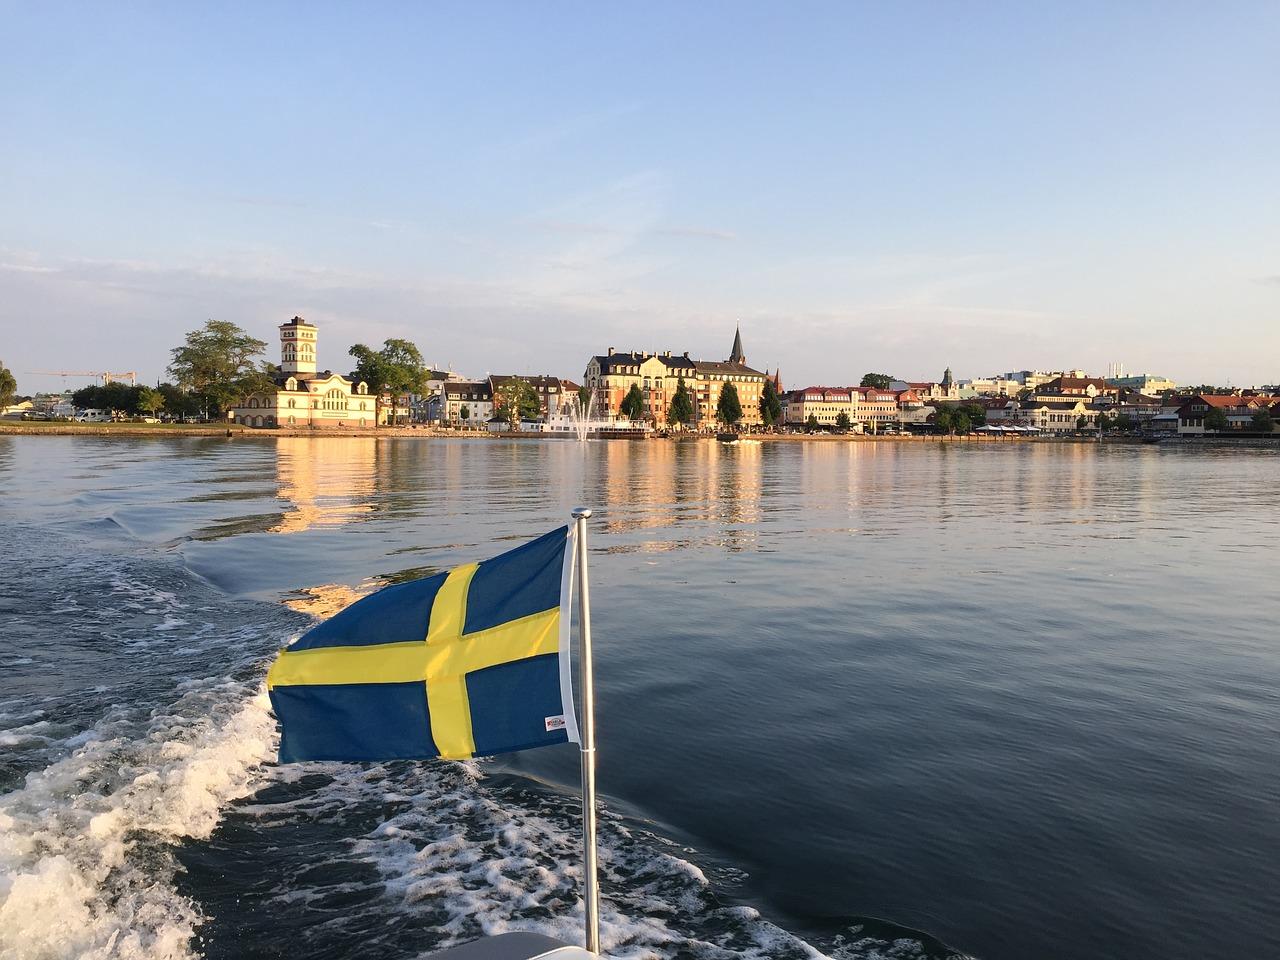 Przekład i język szwedzki – tłumaczenie szwedzkich dokumentów samochodowych. Tłumacz przysięgły języka szwedzkiego
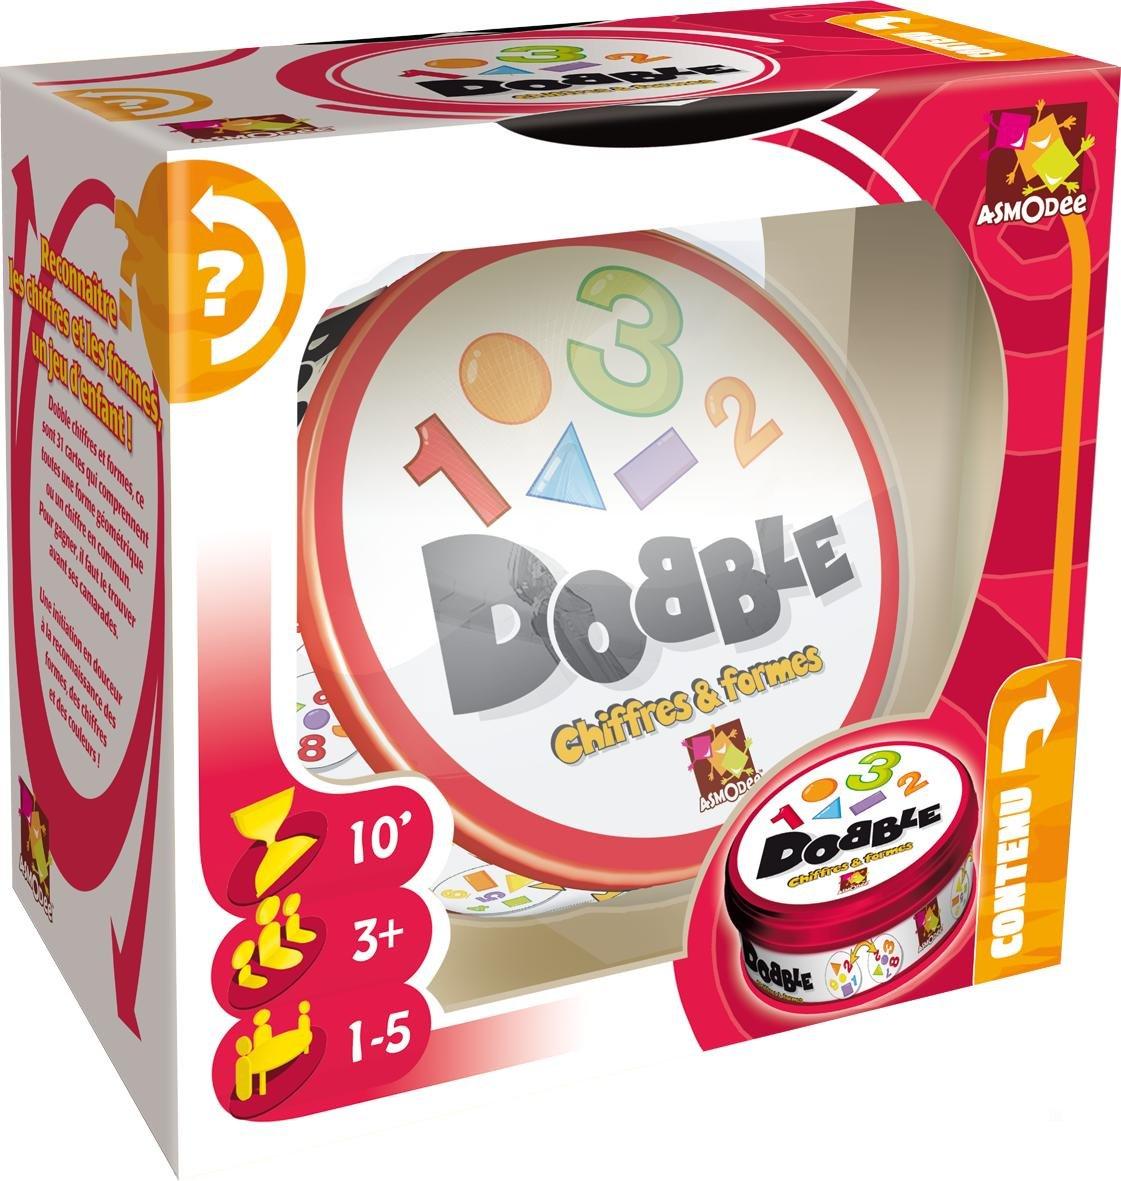 Asmodee Dobble Chiffres et Formes DOCF01N Jeux daction et de r/éflexe
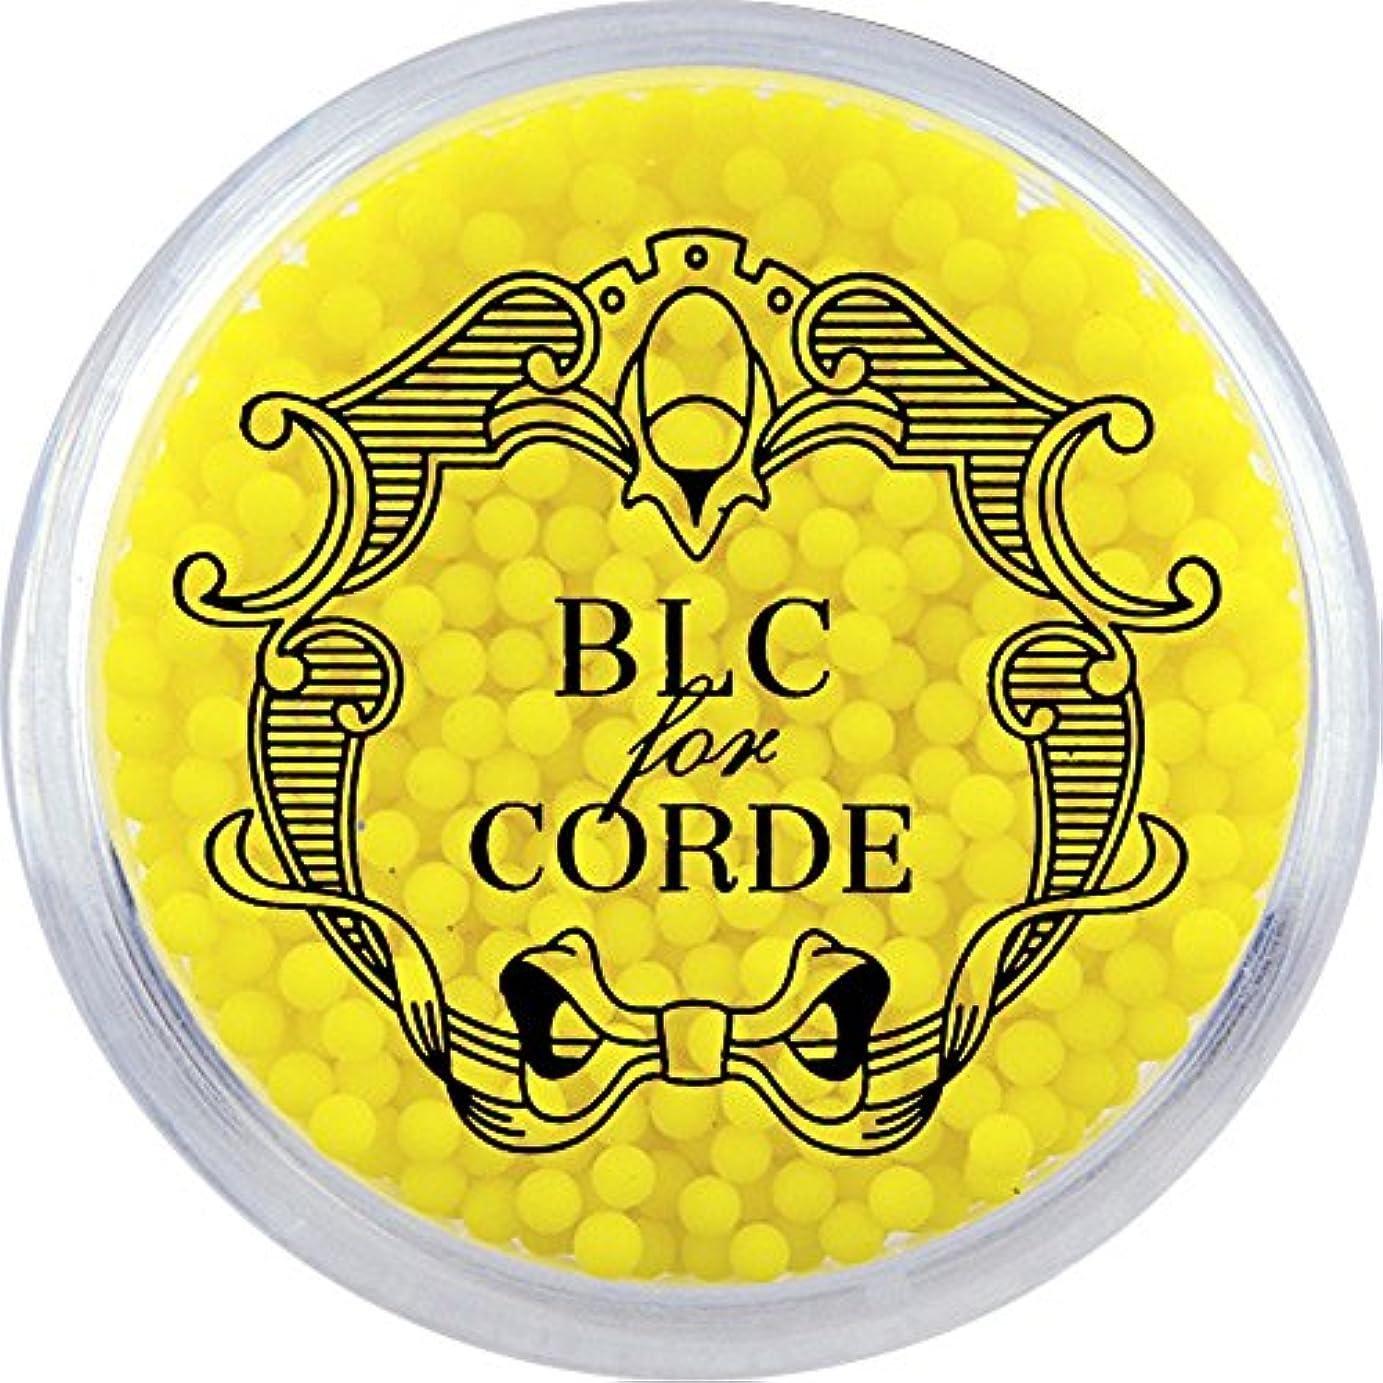 震えコントローラ誰がBLC FOR CORDE ガラスブリオン イエロー

━━━

**Assigned task**.
Copy out every line above, word for word, minus images.

**Output of the task**.
 Przekład i język szwedzki – tłumaczenie szwedzkich dokumentów samochodowych. Tłumacz przysięgły języka szwedzkiego
 Asmodee Dobble Chiffres et Formes DOCF01N Jeux daction et de r/éflexe
 震えコントローラ誰がBLC FOR CORDE ガラスブリオン イエロー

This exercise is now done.